MechCoder · 2015-09-16T19:38:56Z

I think I forgot to build it locally and hence I got some segmentation faults. But now it's all right

ogrisel · 2015-09-23T19:23:49Z

@TomDLT you might want to review this.

TomDLT · 2015-09-24T08:20:50Z

sklearn/linear_model/tests/test_logistic.py

{0: 1, 1: 2}

TomDLT · 2015-09-24T08:27:39Z

You should also compare the results with liblinear and other solvers, like in this test.

And testing it, it reveals that liblinear does not handles sample_weights with integers.
The problem is that this check is not done when liblinear skip everything here.

TomDLT · 2015-09-24T08:37:52Z

sklearn/linear_model/tests/test_logistic.py

line too long

TomDLT · 2015-09-24T08:47:24Z

It looks pretty good to me. (yet I am not a C++ master)

MechCoder · 2015-09-24T17:57:42Z

@TomDLT thanks for your reviews. I've fixed it up.

Any second reviewers?
cc @jnothman @ogrisel

MechCoder · 2015-09-24T17:58:21Z

@TomDLT Can you update the PR to MRG+1 if you are happy?

(Btw, I don't know what your definition of a C++ master is, but whatever it is I'm not one either :P)

ogrisel · 2015-10-19T14:12:42Z

If you are looking for a C++ master, @larsmans is a good candidate :)

ogrisel · 2015-10-19T14:24:08Z

sklearn/svm/base.py

PEP8, put the check_consistent_length import on its own line.

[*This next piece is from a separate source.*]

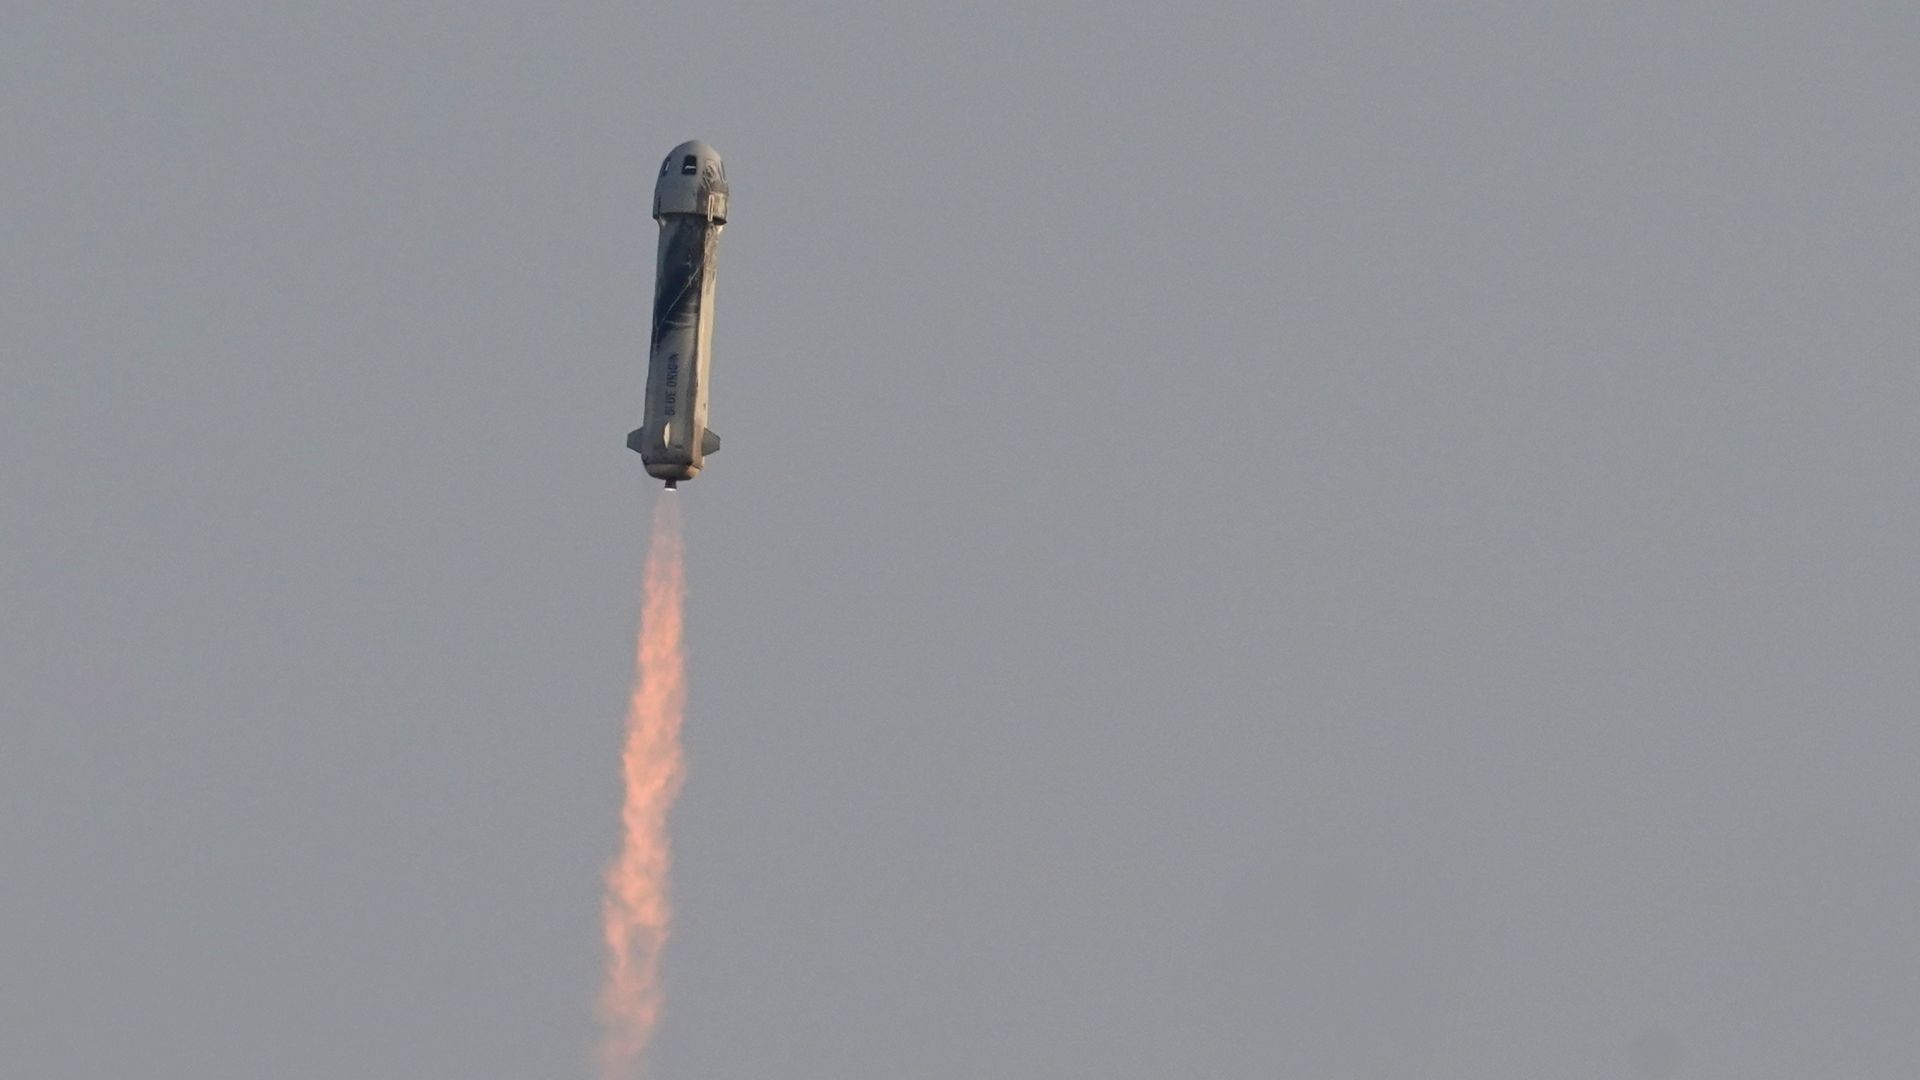 НАСА поздрави Безос за успешния полет с туристи, той възкликна: Най-хубавият ми ден!

jnothman · 2015-10-20T01:09:33Z

You should also be supporting in LinearSVC.

MechCoder · 2015-10-20T01:09:42Z

I thought that was for LinearSVC

jnothman · 2015-10-20T01:10:33Z

I thought that was for LinearSVC

I'd thought it was a general patch to liblinear, but maybe..

MechCoder · 2015-10-20T17:00:56Z

@jnothman So we'll merge this and add support for other solvers later?

TomDLT · 2015-10-21T15:59:14Z

@ogrisel @larsmans @jnothman what are your views on this PR?

MechCoder · 2015-10-23T04:08:11Z

Rebased. Would be great if someone can give a final +1

agramfort · 2015-10-23T08:23:32Z

played with this a bit and it worked great. Merging.

[MRG+1] Patch liblinear for sample_weights in LogisticRegression(and CV)

amueller · 2015-10-23T14:25:46Z

the pyx file doesn't compile with cython 0.21, 0.22 or 0.23. You used 0.20, I'll try that next. I'm pretty scared of the casting that is going on there. This was found by @arthurmensch in #5557

amueller · 2015-10-23T14:28:14Z

Installed 0.20, still doesn't compile. liblinear.pyx:39:35: Cannot assign type 'char *' to 'double *' did you forget to call cython?

MechCoder · 2015-10-23T14:56:36Z

I think I just forgot to push the generated C files. Just a second.

niteshroyal · 2018-06-09T19:40:16Z

How objective function changes in the case of sample_weight for Logistic Regression? Can you please provide the mathematical expression?

I assume objective function changes like this

E(\mathbf{w}) = - \sum_{n=1}^{N} {s_n t_n \ln y_n + (1-s_n t_n) \ln(1-y_n)}

where s_n is the sample_weight of nth sample.

The above equation modified according to equation 4.90 of Christopher Bishop's PRML book.

Clarification: The equation is written in Latex. Could not post image

amueller · 2018-06-09T19:50:01Z

@niteshroyal this is not the right place to ask usage questions, see http://scikit-learn.org/dev/faq.html#what-s-the-best-way-to-get-help-on-scikit-learn-usage

jnothman · 2018-06-09T21:03:08Z

ordinarily, weighting means solving an objective that is equivalent to having the samples repeated in proportion to their weight

memeplex · 2018-08-16T17:51:50Z

ordinarily, weighting means solving an objective that is equivalent to having the samples repeated in proportion to their weight

@jnothman I have seen that when the class weights are too imbalanced adding more degrees of freedom to the model won't always result in a lower (accordingly weighted) log_loss. So I suspect that, except for a numerical issue that I'm unaware of, the objective function is not exactly the same than the one log_loss is evaluating (equivalent to "samples repeated in proportion to their weight"). Of course, this isn't a generalization problem, the loss was computed over the training set. The parameter C is set to 1e30 so that regularization is virtually disabled. If this is an unexpected behavior (it is for me! I could provide the data and model to reproduce the behavior.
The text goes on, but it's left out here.